No interactions on record
No interactions on record
Common clinical questions about MULTIPLE ELECTROLYTES INJECTION TYPE 1 USP PH 7.4 vs MULTIPLE ELECTROLYTES INJECTION TYPE 1 USP PH 5.5, answered by our medical review team.
MULTIPLE ELECTROLYTES INJECTION TYPE 1 USP PH 7.4 is a Electrolyte Replacement Solution that works by Provides essential electrolytes (calcium, magnesium, potassium, sodium, acetate, chloride) to maintain or restore electrolyte balance, acid-base equilibrium, and osmotic pressure in extracellular fluid. Calcium and magnesium are critical for neuromuscular function and enzymatic reactions. Acetate is metabolized to bicarbonate in the liver and peripheral tissues, serving as an alkalinizing agent to correct acidosis.. MULTIPLE ELECTROLYTES INJECTION TYPE 1 USP PH 5.5 is a Electrolyte Replacement Solution that works by Administration of electrolytes to correct deficiencies or maintain homeostasis; no pharmacological target.. They differ in pharmacokinetic profiles, FDA-approved indications, and side effect profiles.
Potency comparisons between MULTIPLE ELECTROLYTES INJECTION TYPE 1 USP PH 7.4 and MULTIPLE ELECTROLYTES INJECTION TYPE 1 USP PH 5.5 depend on the specific clinical indication. These are both Electrolyte Replacement Solution agents and are not directly interchangeable by dose. A physician or clinical pharmacist should guide any therapeutic switching decisions.
The standard adult dose of MULTIPLE ELECTROLYTES INJECTION TYPE 1 USP PH 7.4 is: Intravenous infusion; dose determined by individual electrolyte requirements and fluid status. Typical adult dose: 500-1000 m L as a continuous infusion at a rate of 100-200 m L/hour, not to exceed 3 L/day.. The standard adult dose of MULTIPLE ELECTROLYTES INJECTION TYPE 1 USP PH 5.5 is: Intravenous administration of 500-1000 m L at a rate of up to 1 L/hour, adjusted based on electrolyte status and fluid balance.. Dosing should always be individualized based on indication, renal and hepatic function, age, and other patient factors.
No direct drug-drug interaction has been formally documented between MULTIPLE ELECTROLYTES INJECTION TYPE 1 USP PH 7.4 and MULTIPLE ELECTROLYTES INJECTION TYPE 1 USP PH 5.5 in current clinical databases. However, individual patient risk factors including other medications, organ function, and comorbidities should always be evaluated by a qualified healthcare provider.

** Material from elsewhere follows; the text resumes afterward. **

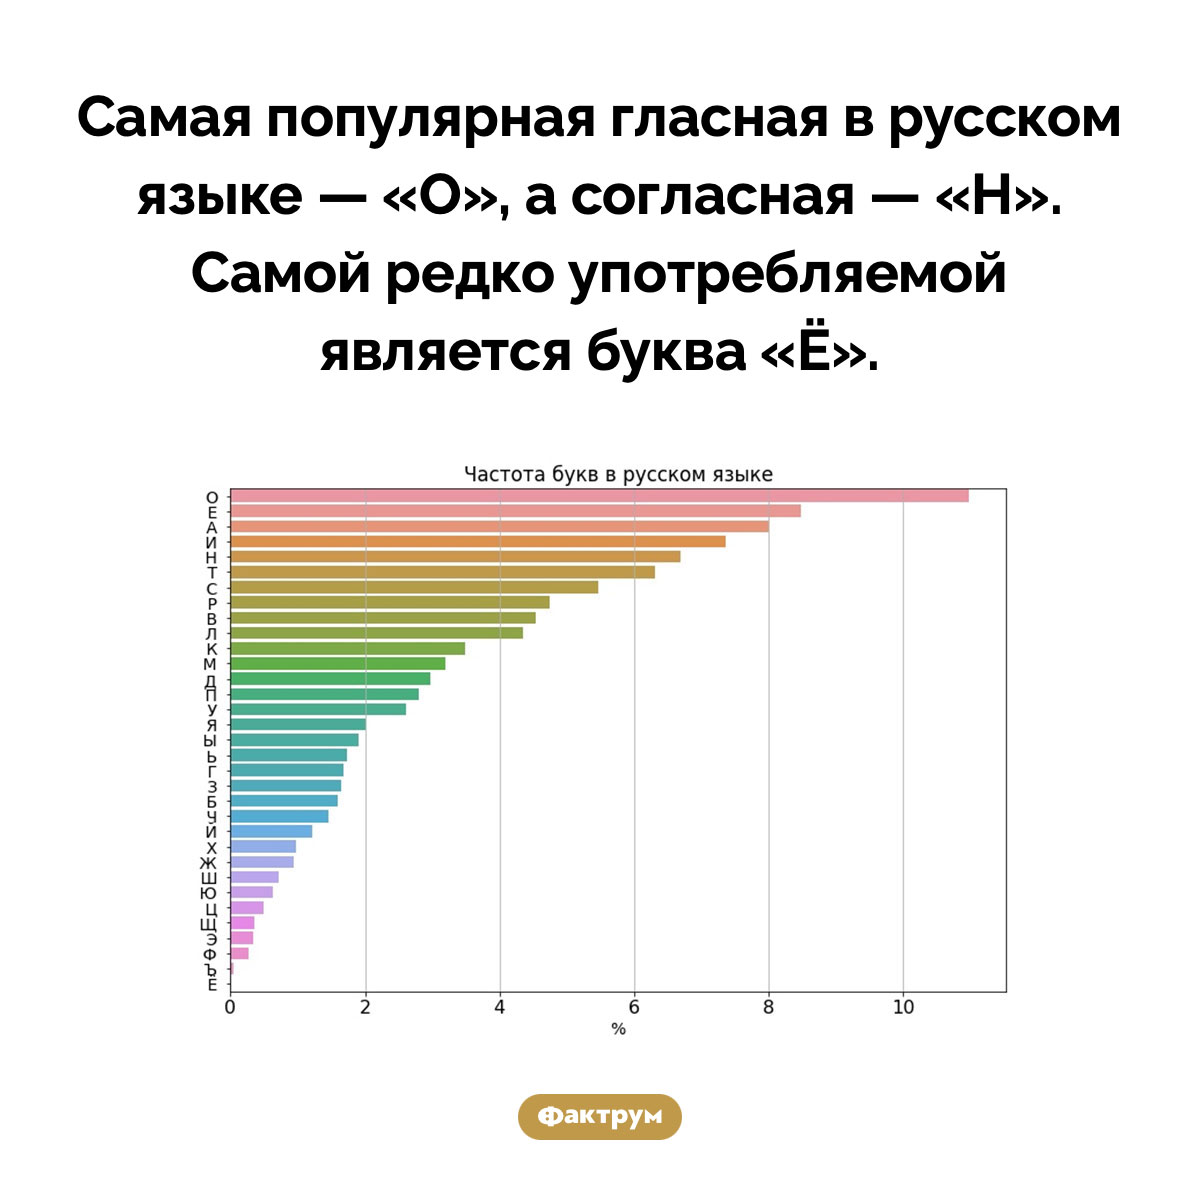 Самые популярные буквы в русском языке. Самая популярная гласная в русском языке — «О», а согласная — «Н». Самой редко употребляемой является буква «Ё».

The maternal-fetal safety profiles differ. MULTIPLE ELECTROLYTES INJECTION TYPE 1 USP PH 7.4 is classified as Category C. No studies in pregnant women; animal reproduction studies not conducted. Contains electrolytes at physiologic concentrations: sodium 140 mEq/L, potassium 5 mEq/L, calcium 2.5 mEq/L. MULTIPLE ELECTROLYTES INJECTION TYPE 1 USP PH 5.5 is classified as Category C. No teratogenic risk; electrolytes are physiologic substances and essential for normal fetal development. No increased risk of congenital anomalies at therapeutic doses.. Always consult a maternal-fetal medicine specialist before taking either drug during pregnancy or lactation.